** ABOUT THIS TASK **
The data below should be printed in full, exactly, and without any of its images.

** DATASET CONTENT **
Content starts
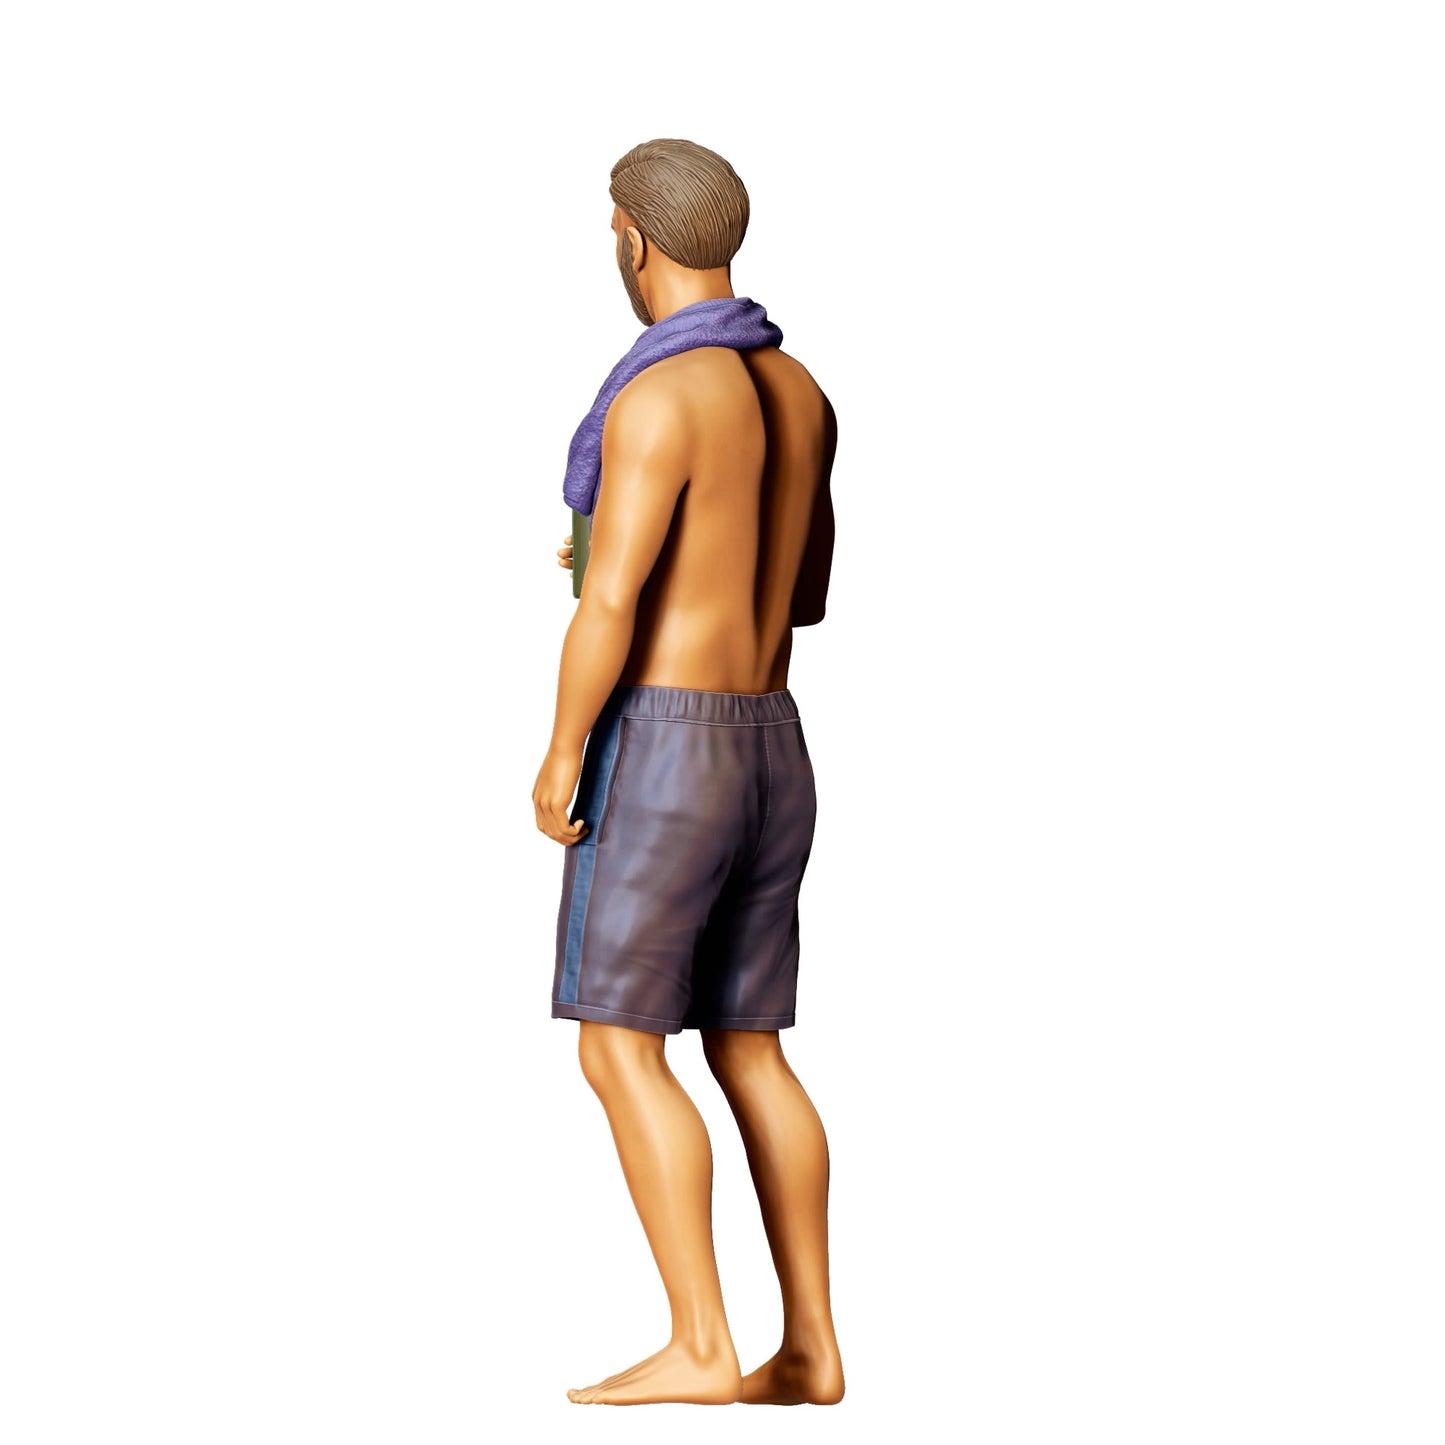 Diorama Modellbau Produktfoto 0: Pool Party Gäste - Mann mit Handtuch und Bierflasche (Ref. Nr. 321)
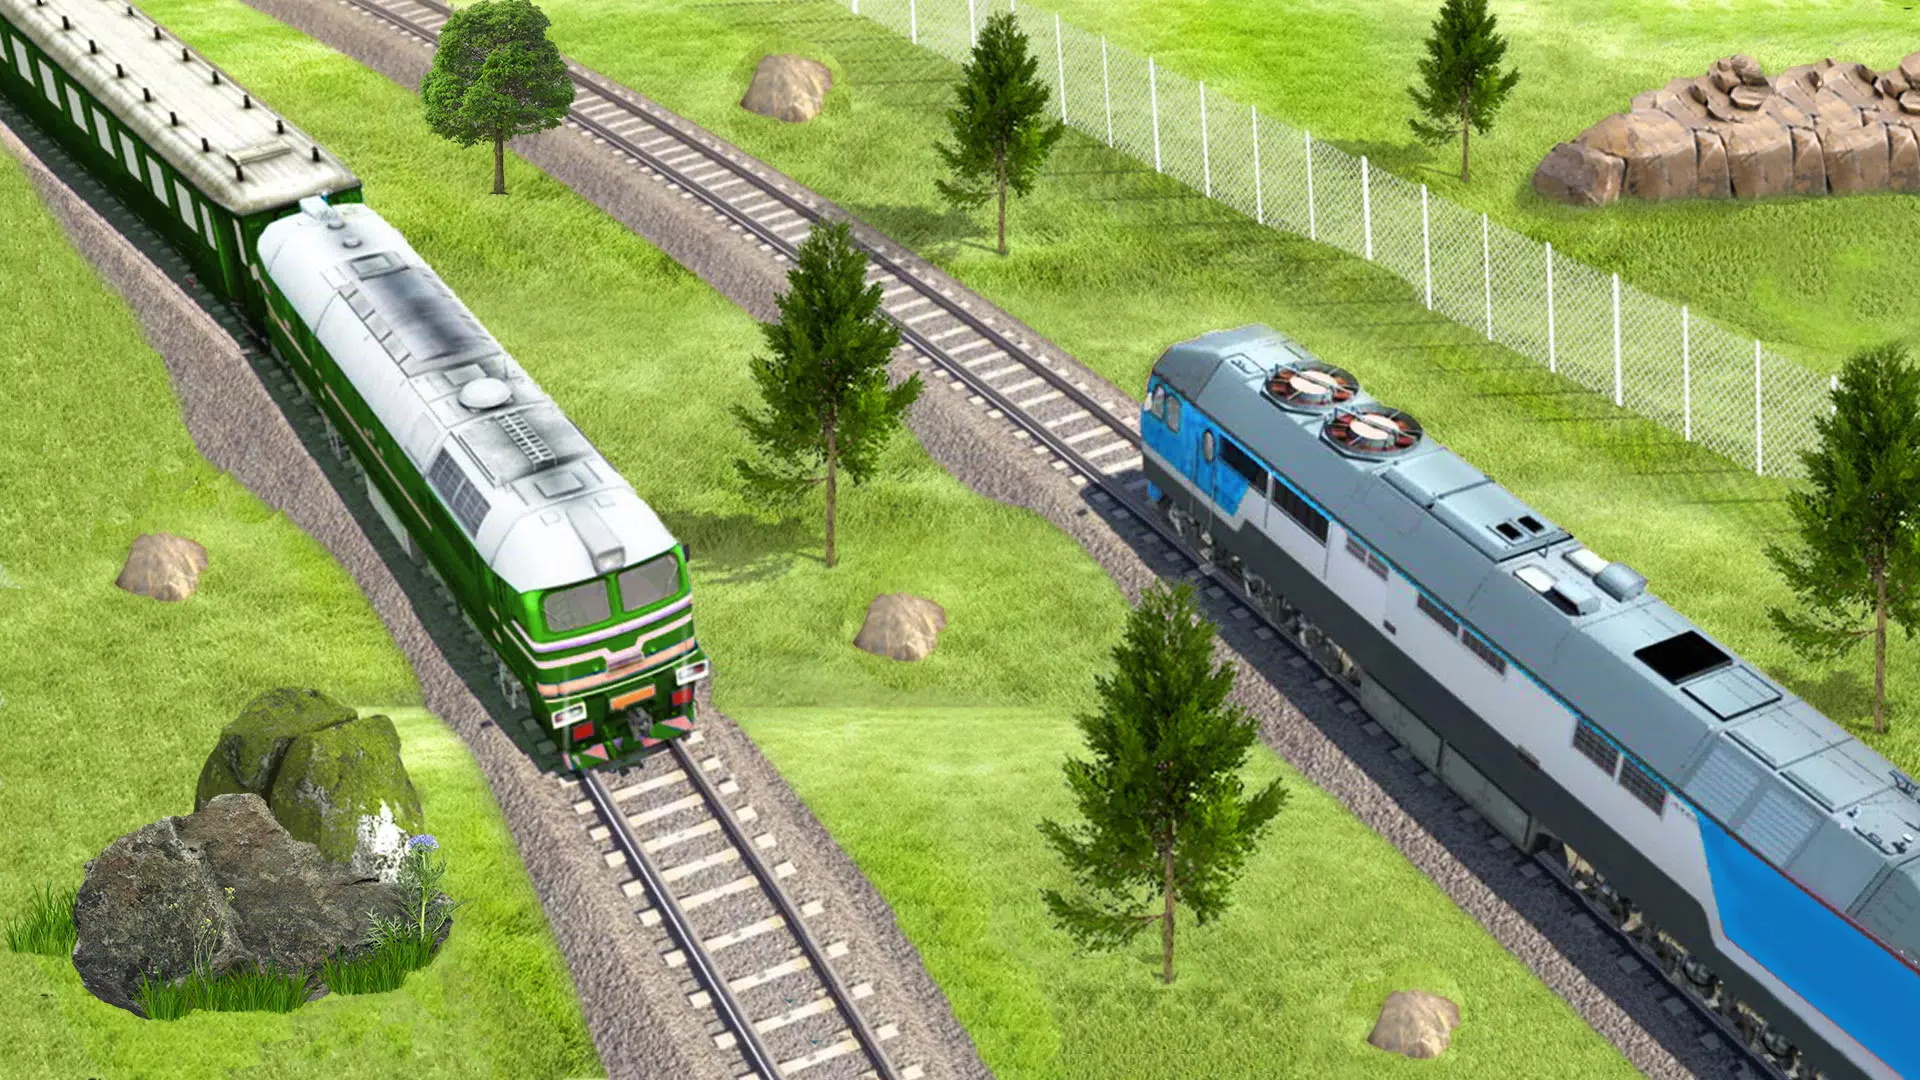 地铁列车模拟器2游戏手机版v3
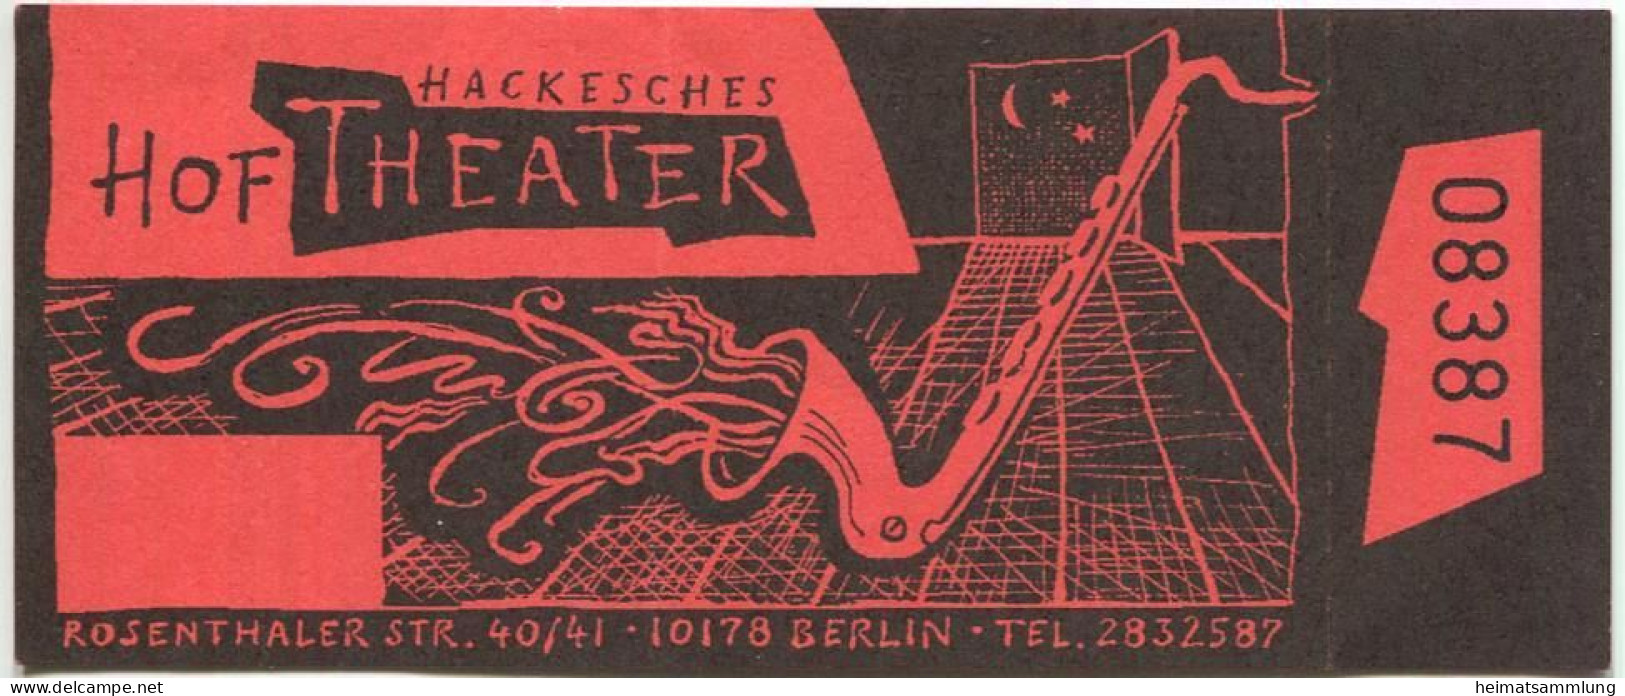 Deutschland - Berlin - Hackesches Hof Theater - Rosenthaler Str. 40/41 - Eintrittskarte - Eintrittskarten
Content ends
** TASK SOLUTION **
 Diorama Modellbau Produktfoto 0: Pool Party Gäste - Mann mit Handtuch und Bierflasche (Ref. Nr. 321)
 地铁列车模拟器2游戏手机版v3
 Deutschland - Berlin - Hackesches Hof Theater - Rosenthaler Str. 40/41 - Eintrittskarte - Eintrittskarten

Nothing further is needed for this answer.